CREATE TABLE t1 (id INTEGER) ENGINE=InnoDB;
CREATE TABLE t2 (id INTEGER) ENGINE=InnoDB;

INSERT INTO t1 (id) VALUES (1), (1), (1),(1);
INSERT INTO t1 (id) SELECT id FROM t1;
INSERT INTO t1 (id) SELECT id FROM t1;
INSERT INTO t1 (id) SELECT id FROM t1;
INSERT INTO t1 (id) SELECT id FROM t1;
INSERT INTO t1 (id) SELECT id FROM t1;
INSERT INTO t1 SELECT id+1 FROM t1;
INSERT INTO t1 SELECT id+2 FROM t1;
INSERT INTO t1 SELECT id+4 FROM t1;
INSERT INTO t1 SELECT id+8 FROM t1;
INSERT INTO t1 SELECT id+16 FROM t1;
INSERT INTO t1 SELECT id+32 FROM t1;
INSERT INTO t1 SELECT id+64 FROM t1;
INSERT INTO t1 SELECT id+128 FROM t1;
INSERT INTO t1 SELECT id+256 FROM t1;
INSERT INTO t1 SELECT id+512 FROM t1;
INSERT INTO t1 SELECT id+1024 FROM t1;
INSERT INTO t1 SELECT id+2048 FROM t1;
INSERT INTO t1 SELECT id+4096 FROM t1;
INSERT INTO t1 SELECT id+8192 FROM t1;

INSERT INTO t2 SELECT id FROM t1 ORDER BY id*rand();
INSERT INTO t2 VALUE(NULL);

SET @tmp_table_size_saved = @@tmp_table_size;
SET @max_heap_table_size_saved = @@max_heap_table_size;

--echo # With default tmp_table_size / max_heap_table_size
SELECT SQL_NO_CACHE count(DISTINCT id) sm FROM t2;

SET @@tmp_table_size=1024*256;

--echo # With reduced tmp_table_size
SELECT SQL_NO_CACHE count(DISTINCT id) sm FROM t2;

SET @@tmp_table_size=@tmp_table_size_saved;
SET @@max_heap_table_size=1024*256;

--echo # With reduced max_heap_table_size
SELECT SQL_NO_CACHE count(DISTINCT id) sm FROM t2;

SET @@max_heap_table_size=@max_heap_table_size_saved;

--echo # Back to default tmp_table_size / max_heap_table_size
SELECT SQL_NO_CACHE count(DISTINCT id) sm FROM t2;

DROP TABLE t1,t2;
[23 Mar 2013 19:36] MySQL Verification Team
Hello Igor,

Thank you for the report.
Verified as described.

Thanks,
Umesh
[4 Dec 2013 22:23] Paul DuBois
Noted in 5.5.36, 5.6.16, 5.7.4 changelogs.

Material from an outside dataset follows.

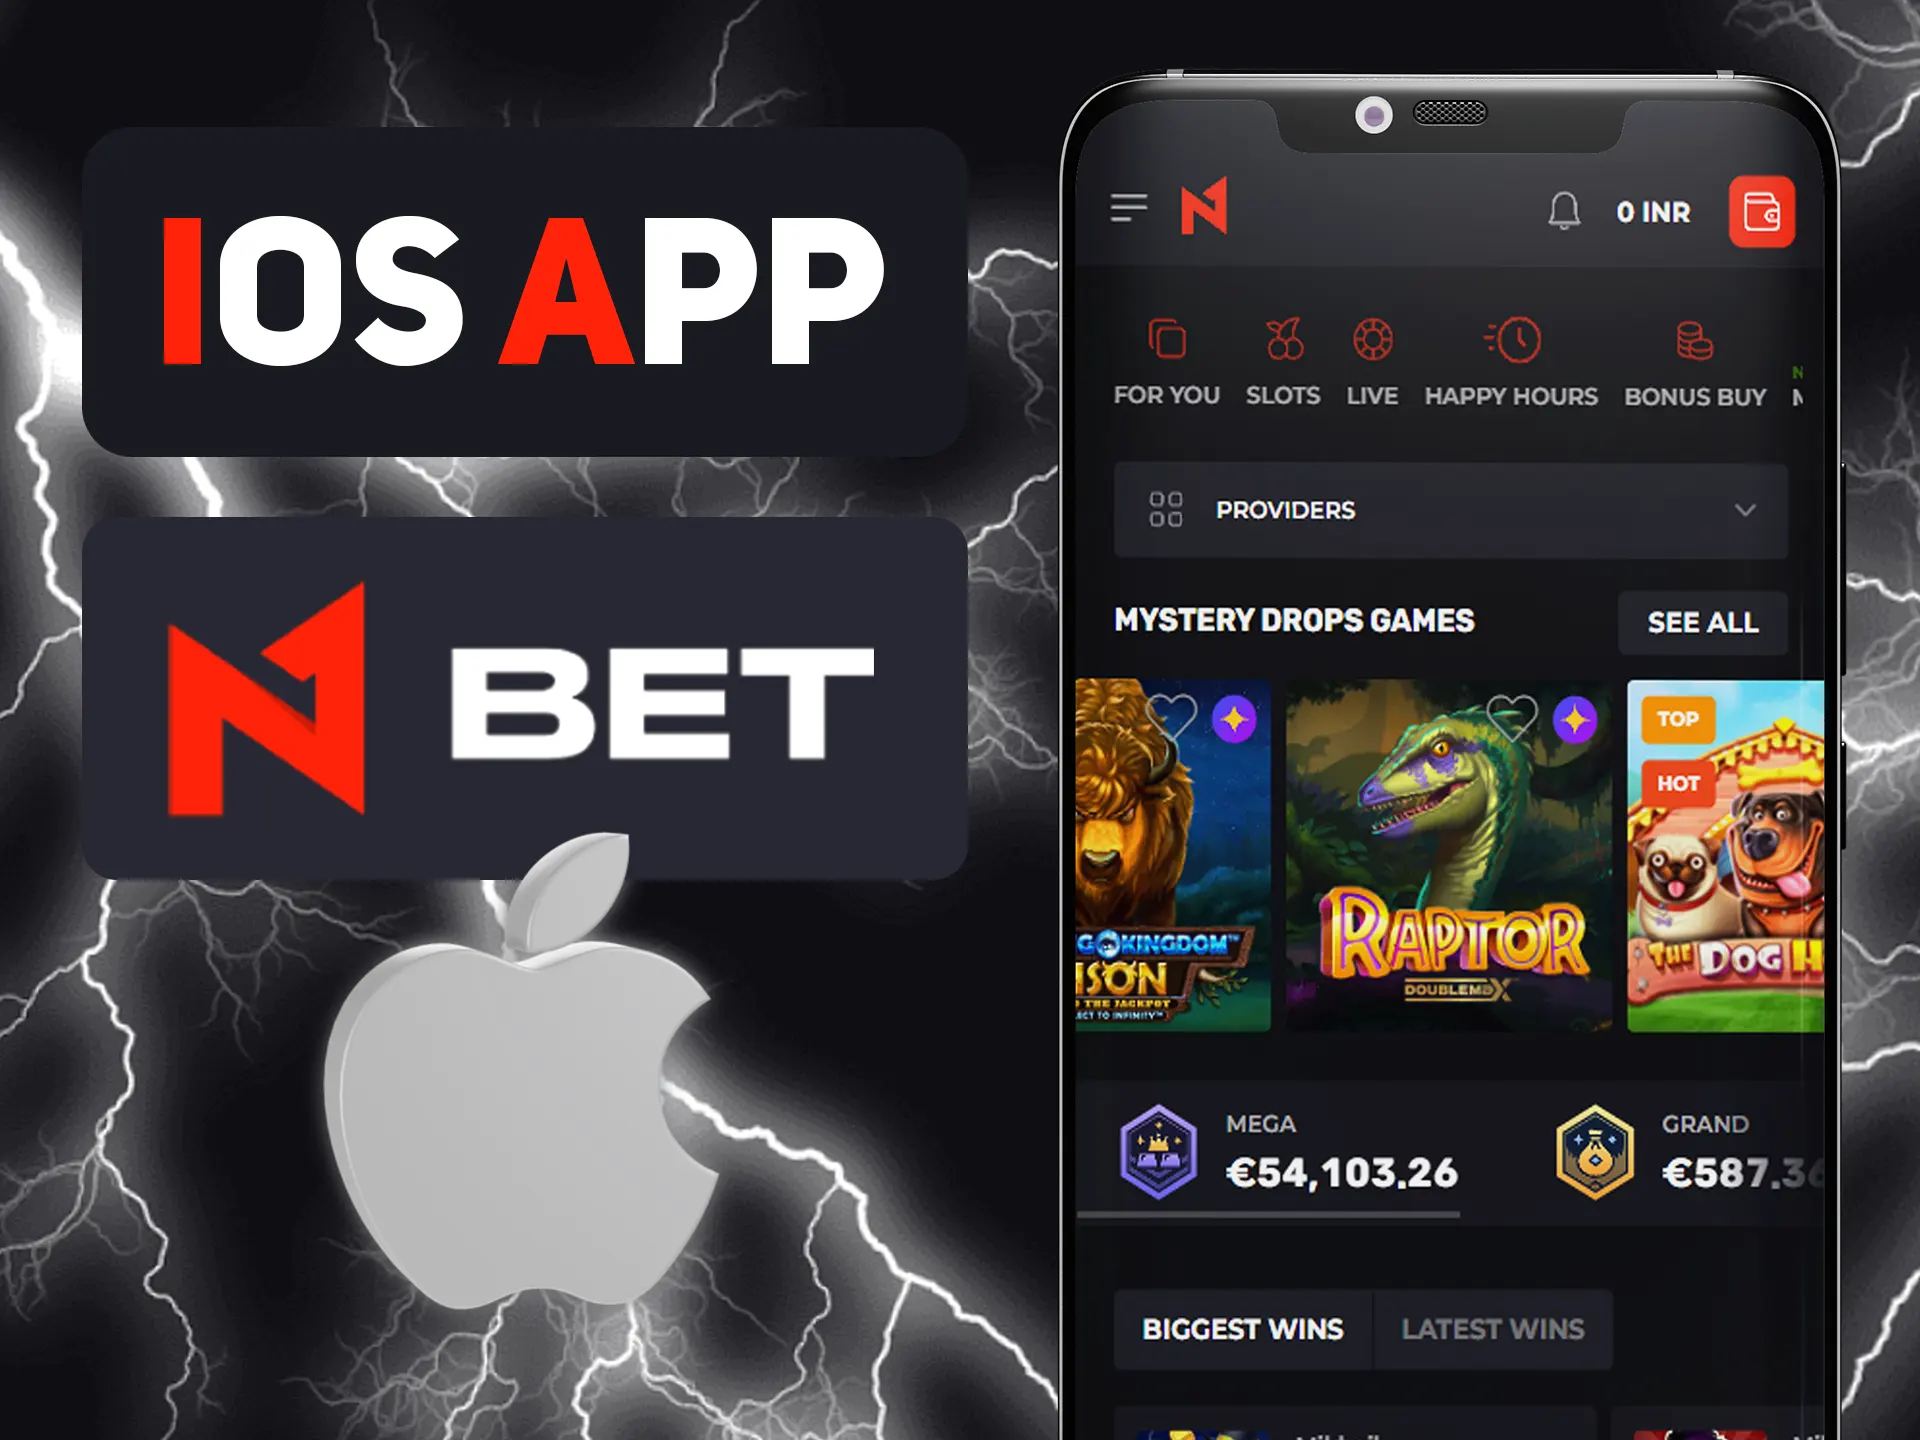 N1bet iOS app is great for making bets in any place.
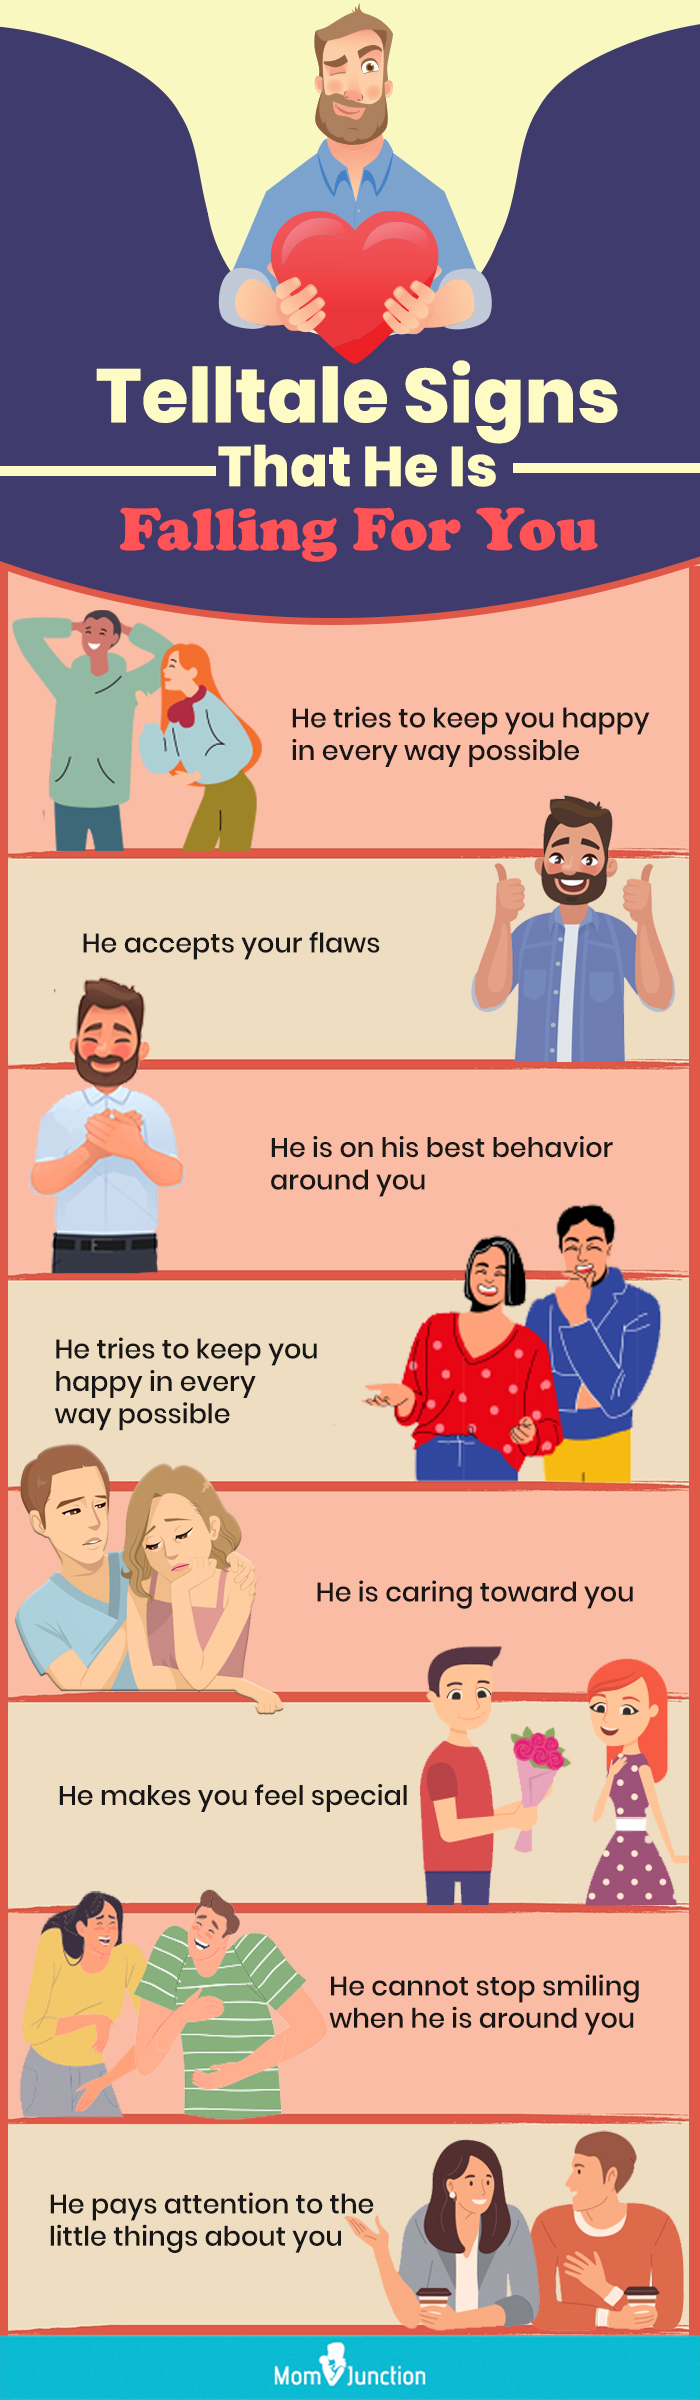 signs that he is falling in love with you [infographic]

COUNT(DISTINCT) produces an incorrect result when it uses a Unique
Tree and its last inserted row has a NULL value.
[5 Dec 2013 15:03] Paul DuBois
Revised changelog entry:

COUNT(DISTINCT) sometimes produced an incorrect result when the last
read row contained a NULL value.
[2 Feb 2014 17:37] Laurynas Biveinis
5.5$ bzr log -r 4557
------------------------------------------------------------
revno: 4557
committer: Guilhem Bichot <guilhem.bichot@oracle.com>
branch nick: 5.5
timestamp: Wed 2013-12-04 12:32:42 +0100
message:
  Bug#16539979 - BASIC SELECT COUNT(DISTINCT ID) IS BROKEN
  Bug#17867117 - ERROR RESULT WHEN "COUNT + DISTINCT + CASE WHEN" NEED MERGE_WALK 
  
  Problem:
  COUNT DISTINCT gives incorrect result when it uses a Unique
  Tree and its last inserted record has null value.
  
  Here is how COUNT DISTINCT is processed, given that this query is not
  using loose index scan.
  
  When a row is produced as a result of joining tables (there is only
  one table here), we store the SELECTed value in a Unique tree. This
  allows elimination of any duplicates, and thus implements DISTINCT.
  
  When we have processed all rows like this, we walk the Unique tree,
  counting its elements, in Aggregator_distinct::endup() (tree->walk());
  for each element we call Item_sum_count::add(). Such function wants to
  ignore any NULL value, for that it checks item_sum -> args[0] ->
  null_value. It is a mistake: when walking the Unique tree, the value
  to be aggregated is not item_sum ->args[0] but rather table ->
  field[0].
  
  Solution:
  instead of item_sum -> args[0] -> null_value, use arg_is_null(), which
  knows where to look (like in fix for bug 57932).
  
  As a consequence of this solution, we have to make arg_is_null() a
  little more general:
  1) Because it was so far only used for AVG() (which always has a
  single argument), this function was looking at a single argument; now
  that it has to work with COUNT(DISTINCT expression1,expression2), it
  must look at all arguments.
  2) Because we start using arg_is_null () for COUNT(DISTINCT), i.e. in
  Item_sum_count::add (), it implies that we are also using it for
  COUNT(no DISTINCT) (same add ()). For COUNT(no DISTINCT), the
  nullness to check is that of item_sum -> args[0]. But the null_value
  of such item is reliable only if val_*() has been called on it. So far
  arg_is_null() was always used after a call to arg_val*(), so could
  rely on null_value; but for COUNT, there is no call to arg_val*(), so
  arg_is_null() has to call is_null() instead.
  
  Testcase for 16539979 by Neeraj. Testcase for 17867117 contributed by
  Xiaobin Lin from Taobao.
[4 Mar 2014 21:22] Barb Trout
We are using MySQL Percona Server 5.6.15-56.  I believe we are experiencing this bug.  Has this bug been fixed?  If so, what version(s) was it fixed in?  If not, is it planned to be in a future release?
[5 Mar 2014 8:16] Guilhem Bichot
Hi If you scroll above in the report:

   [4 Dec 2013 22:23] Paul Dubois
   Noted in 5.5.36, 5.6.16, 5.7.4 changelogs.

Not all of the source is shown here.